As we play with the model we might want a standard visualization

In [31]:
from plotly.subplots import make_subplots

def evaluate_model(predict, grid_points=30):  
    # Compute Y and Yhat
    Y = data["Y"].to_numpy()
    Yhat = predict(data[["X0", "X1"]].to_numpy()).flatten()
    # Compute and print error metrics
    print("Mean Absolute Error:", mean_absolute_error(Y, Yhat))
    print("Root Mean Squared Error:", np.sqrt(mean_squared_error(Y, Yhat)))

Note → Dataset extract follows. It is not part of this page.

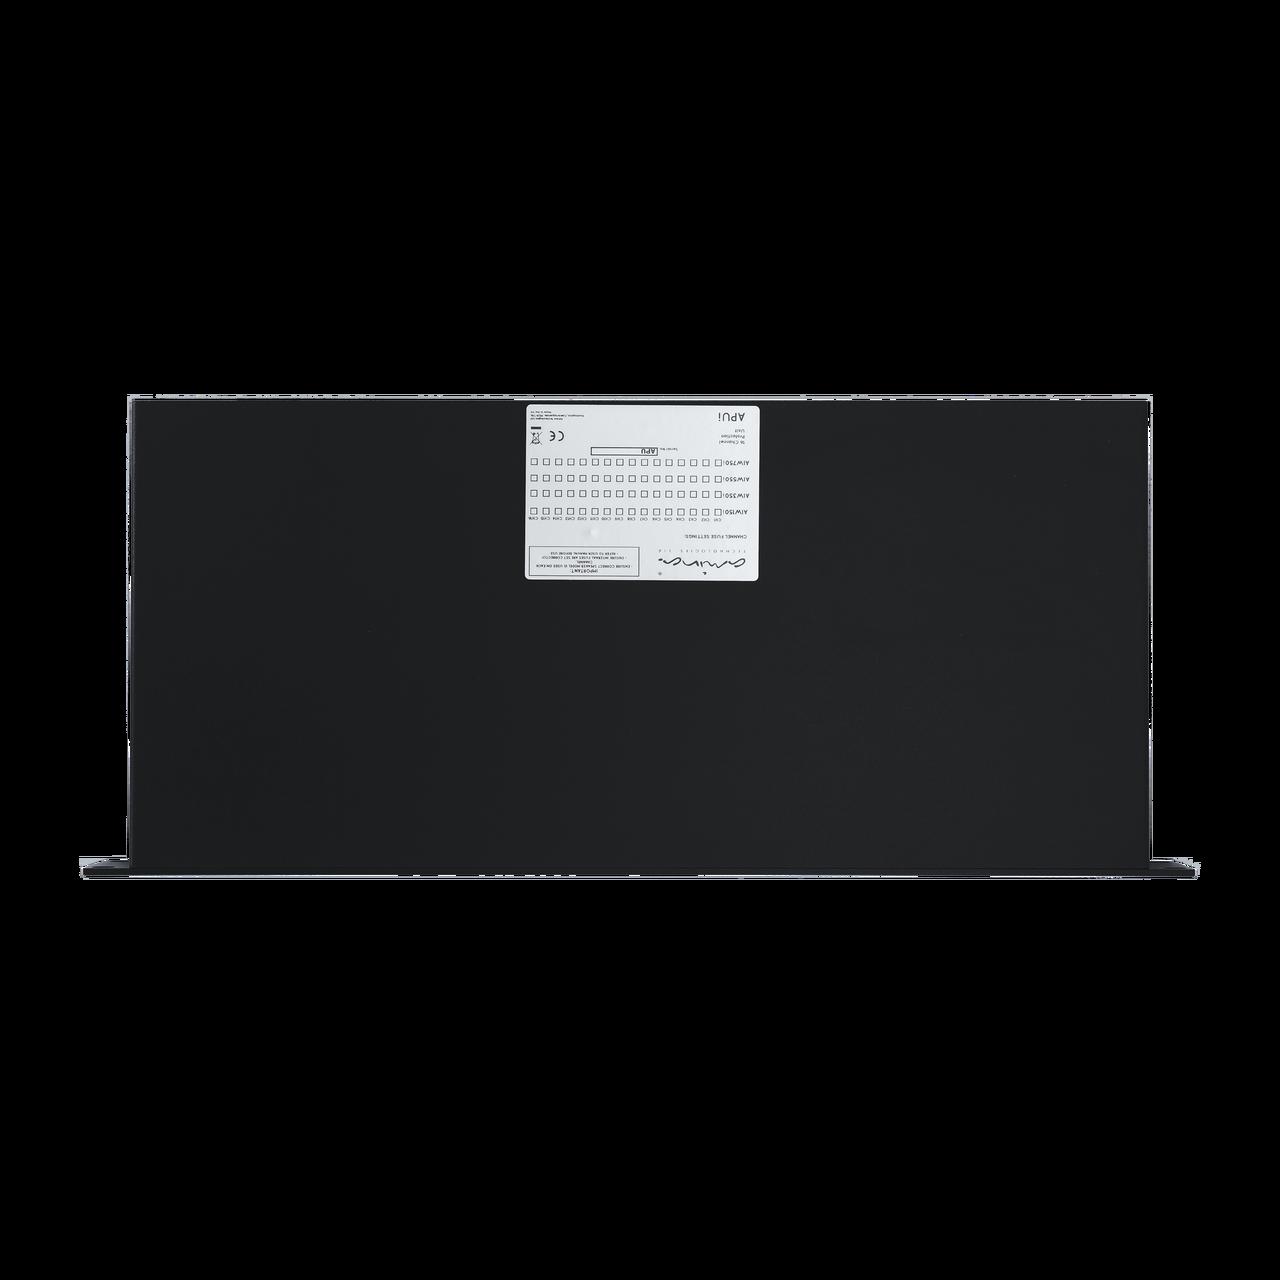 16-канальный модуль защиты Amina APU-RS16iC

    # Make Side by Side Plots
    fig = make_subplots(rows=1, cols=2, 
                        specs=[[{'type': 'scene'}, {'type': 'xy'}]])
    fig.add_trace(data_scatter, row=1, col=1)
    surf = make_surface(predict, 
                       data[["X0", "X1"]].to_numpy(), 
                       grid_points=grid_points)
    fig.add_trace(surf, row=1, col=1)
    fig.update_layout(layout)
    
    fig.add_trace(go.Scatter(x=Yhat, y=Y, mode="markers"), row=1, col=2)
    ymin = np.min([np.min(Y), np.min(Yhat)])
    ymax = np.max([np.max(Y), np.max(Yhat)])
    fig.add_trace(go.Scatter(x=[ymin,ymax], y=[ymin,ymax], name="y=yhat"))
    fig.update_layout(xaxis_title ="yhat", yaxis_title="Y")
    fig.update_layout(showlegend=False)
    fig.show()

Examining our latest model:

In [32]:
evaluate_model(model.predict, grid_points=5)
Mean Absolute Error: 1.5446935067491216
Root Mean Squared Error: 1.9430914626104163

Our first model without the intercept term:

In [33]:
no_intercept_model = LinearRegression(fit_intercept=False)
no_intercept_model.fit(data[["X0", "X1"]], data[["Y"]])
Out[33]:
LinearRegression(fit_intercept=False)
In [34]:
evaluate_model(no_intercept_model.predict, grid_points=5)
Mean Absolute Error: 4.814916851370774
Root Mean Squared Error: 5.217264403053303

Examining the above data we see that there is some periodic structure as well as some curvature. Can we fit this data with a linear model?